Os rins desempenham múltiplas funções essenciais no organismo. Filtram o sangue continuamente, eliminam substâncias tóxicas, regulam a pressão arterial, participam da produção de hormônios e controlam o equilíbrio de líquidos e minerais. Esse trabalho acontece sem que a pessoa perceba. Por isso, quando a capacidade de filtração começa a diminuir, o corpo muitas vezes compensa a perda inicial sem manifestar sintomas evidentes. A doença renal crônica evolui de forma gradual. Nas fases iniciais, a pessoa pode sentir-se perfeitamente saudável enquanto os rins perdem progressivamente sua capacidade de funcionar.

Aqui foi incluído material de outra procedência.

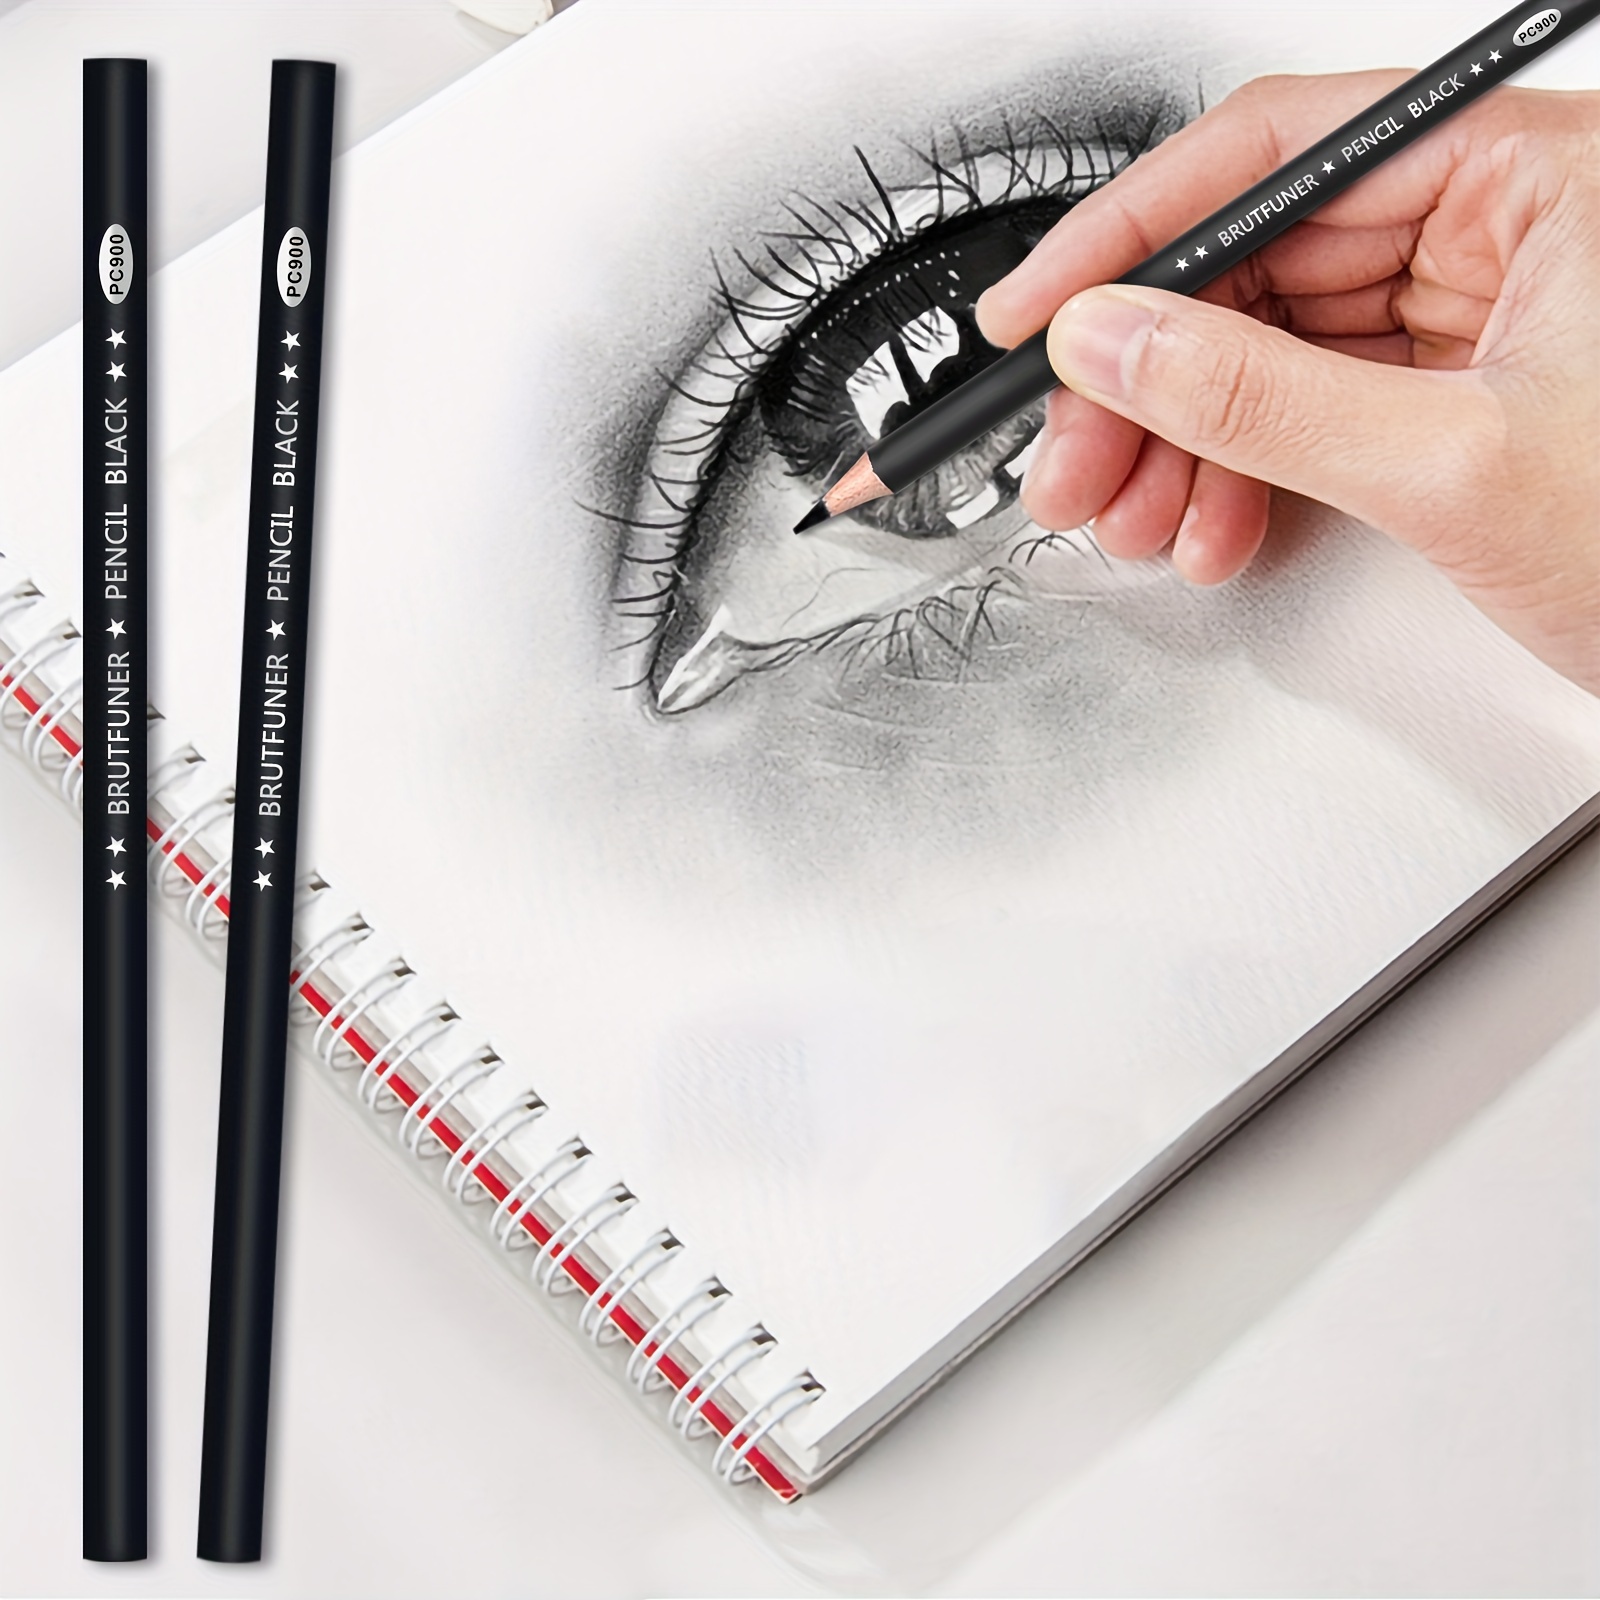 22Pcs Professional Sketch Pencils+Charcoal Pencils Art Supplies Set for  Artists

Os dois grandes responsáveis pela doença renal crônica continuam sendo o diabetes e a hipertensão arterial. Ambas as condições provocam lesões progressivas que, quando não tratadas adequadamente, podem comprometer de forma irreversível a função dos rins.

Nos últimos anos, a obesidade também passou a ganhar destaque entre os fatores que aumentam o risco de doença renal crônica. Embora não tenha o mesmo peso das duas principais causas, a obesidade aumenta significativamente o risco de lesão renal. O excesso de peso favorece o desenvolvimento de diabetes e hipertensão arterial, criando um ambiente propício para danos renais. Além disso, a obesidade pode provocar alterações que comprometem diretamente o funcionamento dos rins.

Por que a descoberta tardia reduz as chances de tratamento? 

A evolução silenciosa da doença renal crônica representa o maior desafio para sua prevenção e tratamento. Quando os primeiros sinais surgem, parte significativa da função dos rins já pode ter sido perdida. Nesse estágio avançado, as chances de interromper ou retardar a progressão da doença diminuem consideravelmente. Por isso, o diagnóstico precoce é fundamental. Pessoas com diabetes, hipertensão ou obesidade devem realizar exames periódicos de função renal, mesmo sem sintomas. Essa vigilância permite identificar alterações iniciais e iniciar o tratamento antes que danos irreversíveis ocorram.